P values were calculated by using the t test for continuous variables, χ2 tests for nominal variables, and the Mann-Whitney U test for ordinal variables.

Data are means ± standard errors of the mean.

One-third of the overall sample (121 of 360 [33.6%]) reported that they read at least one of the three specific CT screening studies for asymptomatic patients. We refer to this group of 121 radiologists as the “screener” group. More specifically, 96 (26.7%) of 360 read CACS screening, 69 (19.2%) of 360 read lung cancer screening, and 34 (9.4%) of 360 read whole-body screening studies.

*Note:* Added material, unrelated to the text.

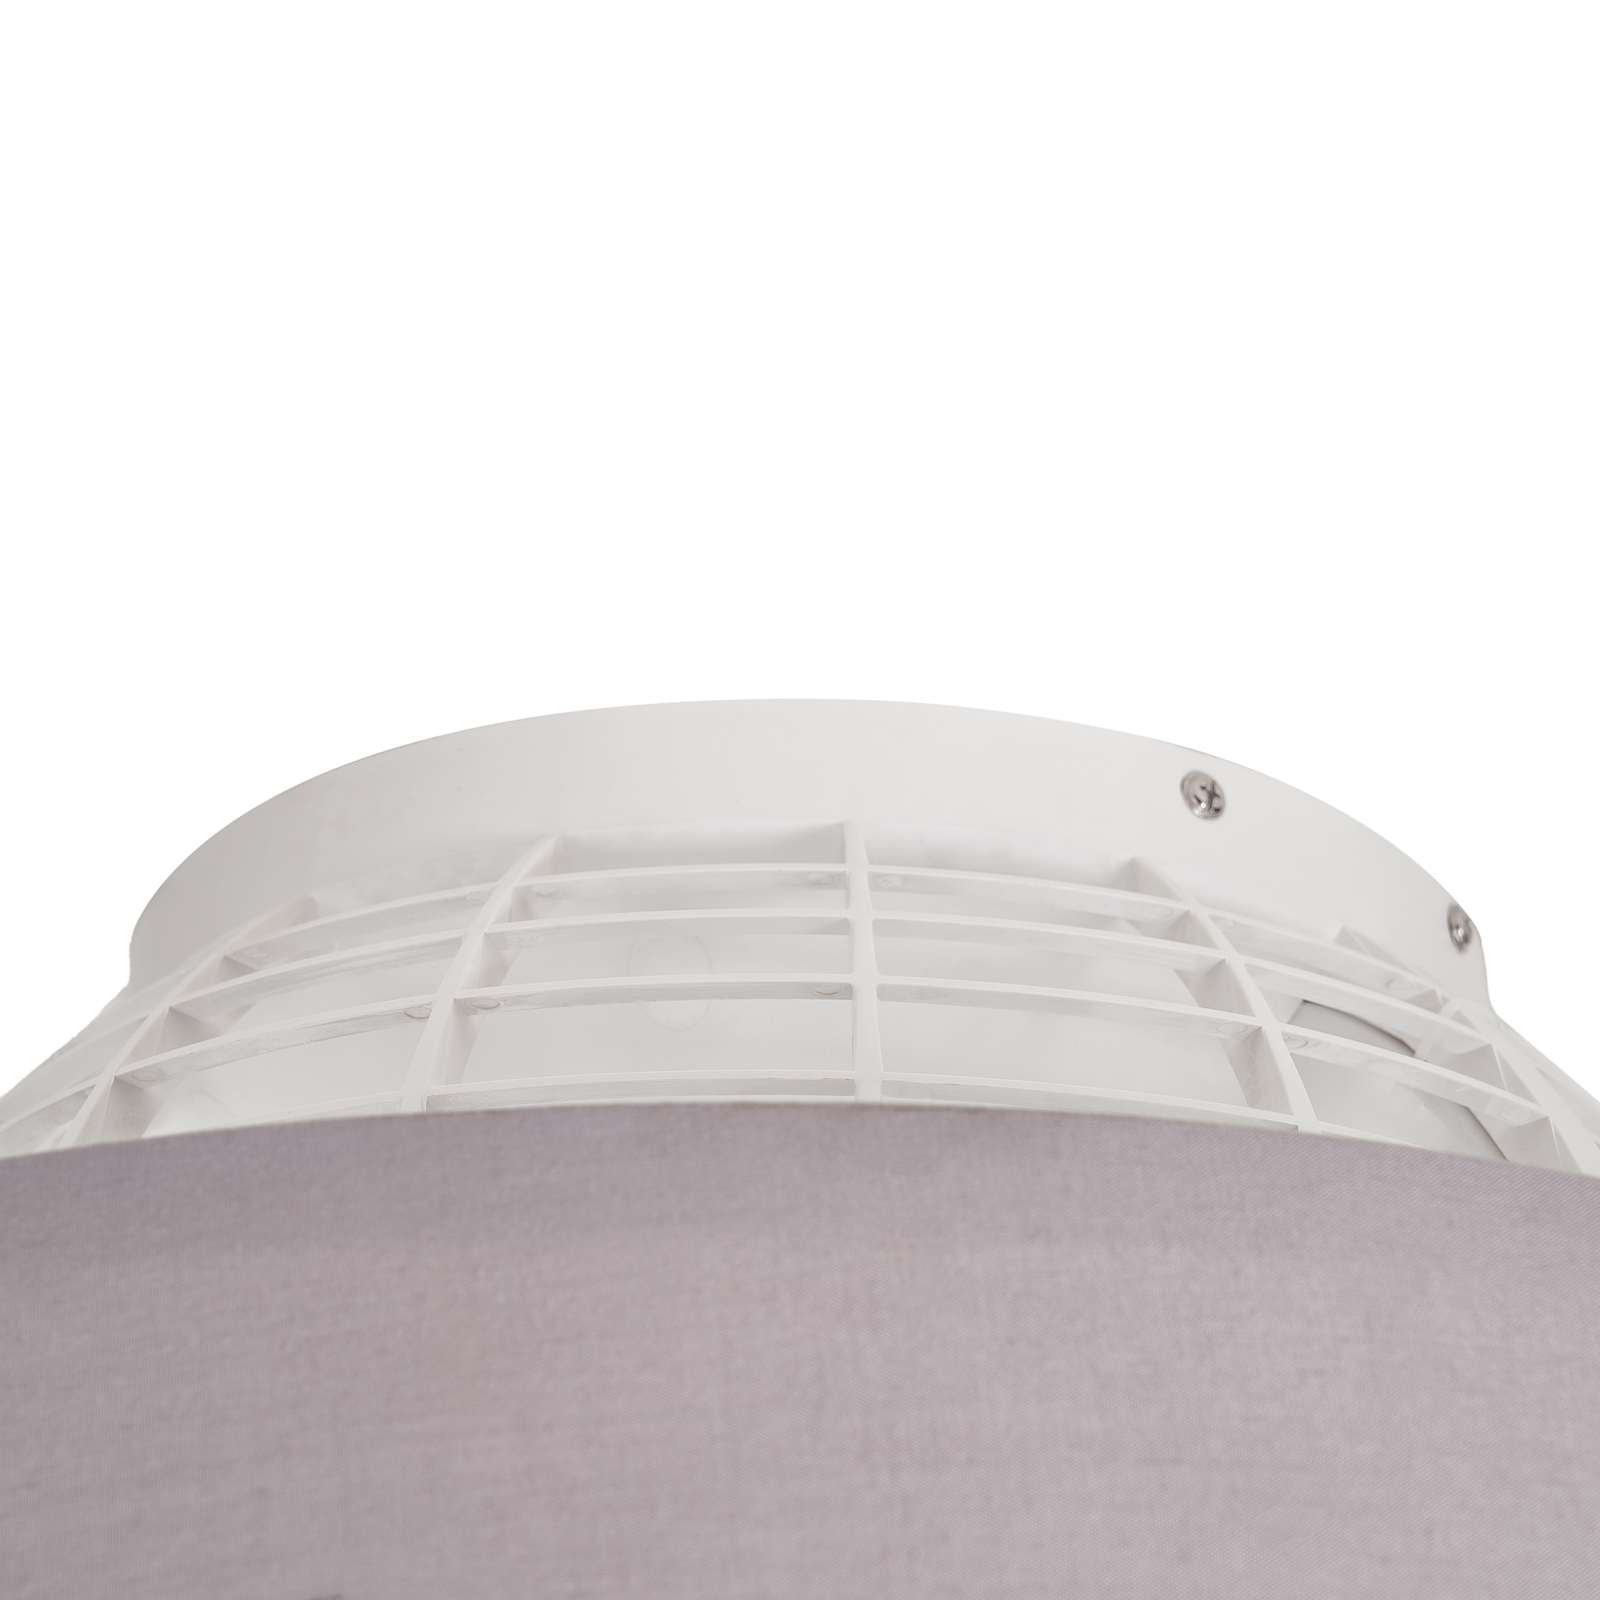 Starluna Circuma stropný LED ventilátor, sivý

When divided into mutually exclusive screening practice groups, 6.9% (25 of 360) of the overall sample read CACS, lung, and whole-body screening studies, 7.2% (26 of 360) read CACS and lung screening studies, 1.1% (four of 360) read lung and whole-body screening studies, 1.1% (four of 360) read CACS and whole-body screening studies, 11.9% (43 of 360) read only CACS screening studies, 4.4% (16 of 360) read only lung screening studies, and 0.83% (three of 360) of the overall sample read only whole-body screening studies. In addition, 4.2% (15 of 360) of the overall sample reported reading virtual colonographic studies and 1.1% (four of 360) reported reading coronary CT angiographic studies, but these radiologists were included in the sample only if they also read CACS, lung, or whole-body screening CT studies.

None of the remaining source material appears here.